Roanoke Times Copyright (c) 1995, Landmark Communications, Inc. DATE: WEDNESDAY, September 15, 1993 TAG: 9401140008 SECTION: EDITORIAL PAGE: A9 EDITION: METRO SOURCE: Cal Thomas DATELINE: LENGTH: Medium
In announcing the plan to ``reinvent'' government by reducing waste, fraud and government girth, Vice President Al Gore estimates a $108 billion savings to taxpayers if all recommendations are approved. It will be a savings to taxpayers, though, only if Congress goes along and the money saved is used to fulfill President Clinton's campaign promise for a middle-class tax cut instead of shifting the spending to other programs.

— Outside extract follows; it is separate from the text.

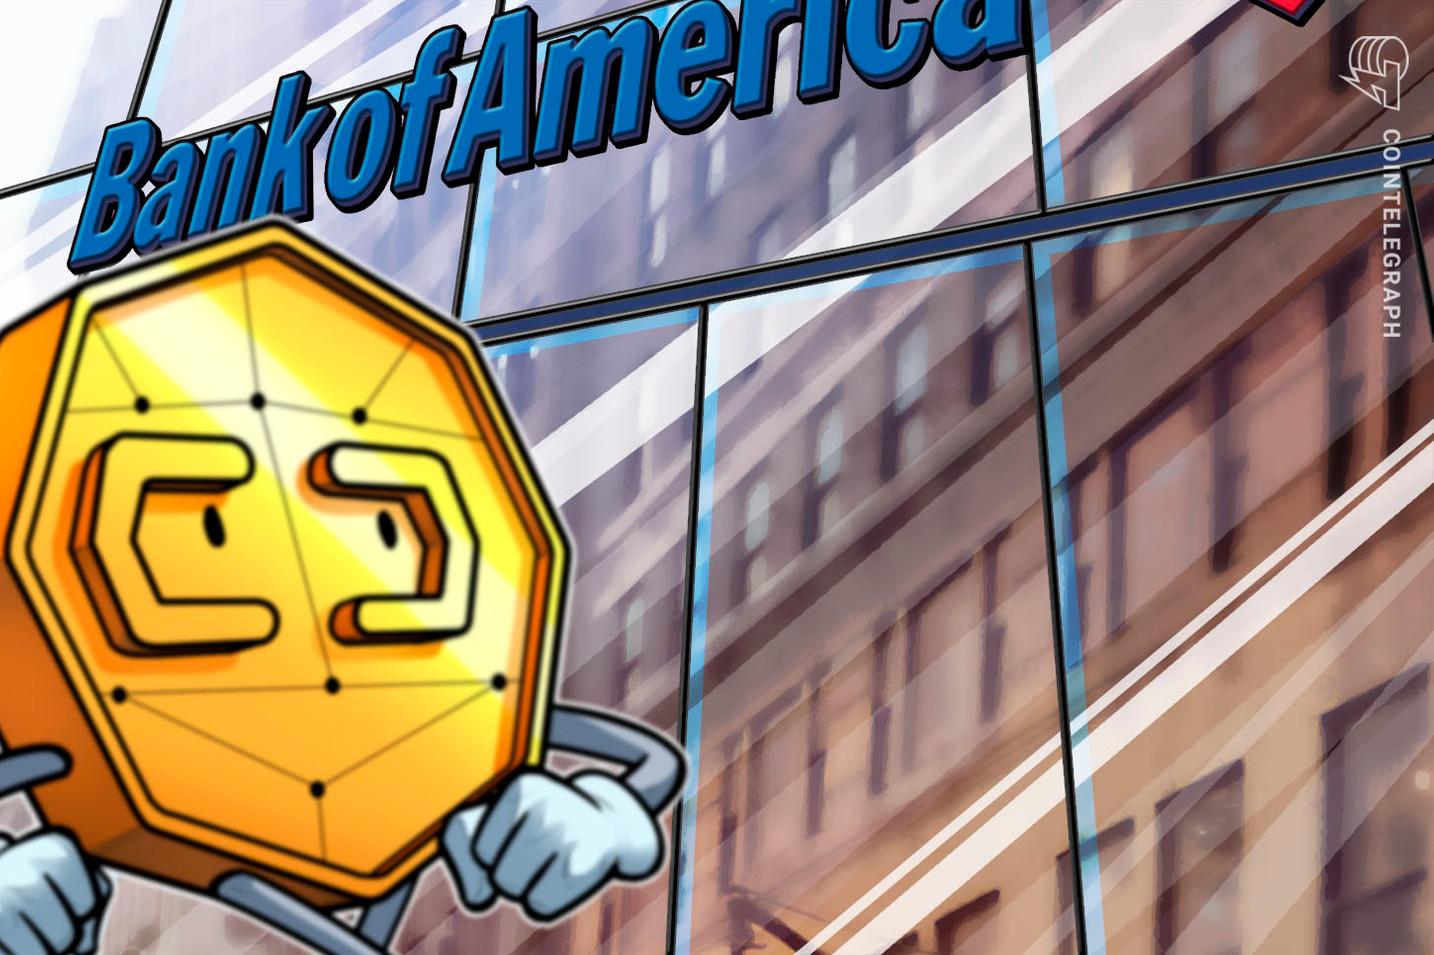 Bank of America oferece perspectiva otimista para DeFi e NFTs

The administration actually hopes to reinvent itself with the sure-fire crowd-pleaser of attacking inefficient and bloated government programs and by styling itself as the defender of the overtaxed citizen (who ironically has been so recently gouged by higher taxes). Polls show 95 percent of Americans think government wastes too much money. But, like ``tough-on-crime'' rhetoric, promises to reduce spending and shrink the size of government haven't lived up to expectations.
During the Reagan administration, the Grace Commission produced a volume of cost-cutting and government-downsizing recommendations. Sixty-five percent of those recommendations were implemented, but not 65 percent of the savings. Congress preserved many big-ticket items, cutting instead those whose supporters had little political clout.
According to the Office of Management and Budget, the Grace Commission proposals that were adopted saved $152.4 billion between 1986 and 1989, and by this year the estimated savings have grown to $250 billion.
But if fully implemented, those recommendations would have saved $424.4 billion over three years. Vice President Gore's far less ambitious proposal to save $108 billion is stretched over five years. While these savings are obviously achievable, they represent only 1.3 percent of total federal spending over those five years, making them more symbolic than substantive.
Among the Grace Commission recommendations that should have been adopted but weren't (estimated five-year savings in parentheses):
Expediting disposal of Commodity Credit Corporation inventory by eliminating the de facto veto power that the State and Agriculture departments and Agency for International Development exercise over the humanitarian-assistance program ($521 million).
Making greater use of direct deposit/electronic-funds transfer to pay federal benefits and salaries ($344 million).
Charging user fees for Federal Home Loan Bank Board borrowings to offset the implicit interest subsidy it receives from the treasury ($297 million).
Removing certain tax exemptions from the farm credit system ($648 million).
Monitoring federal construction-project mitigation outlays to ensure they are not excessive and are used solely to offset environmental damage, not to improve pre-existing environmental quality ($993 million).
There's plenty more, but the reason these failed to get congressional approval and that at least some of the Gore recommendations won't either is because virtually every dollar spent has a constituency or a congressman or both who want to maintain it. Let the cuts take place in someone else's district.
If the administration says government costs too much, is inefficient and wastes money, why did the president push through retroactive tax increases and a higher gasoline tax f+ibeforeo he cut wasteful spending? Politically, wouldn't it have made more sense to cut the waste before asking the overburdened taxpayers to ante up more for less?
The ``Gore Commission'' is likely to get some of its recommendations approved and some will be achievable by executive order. But most people will be forgiven for remaining cautiously cynical.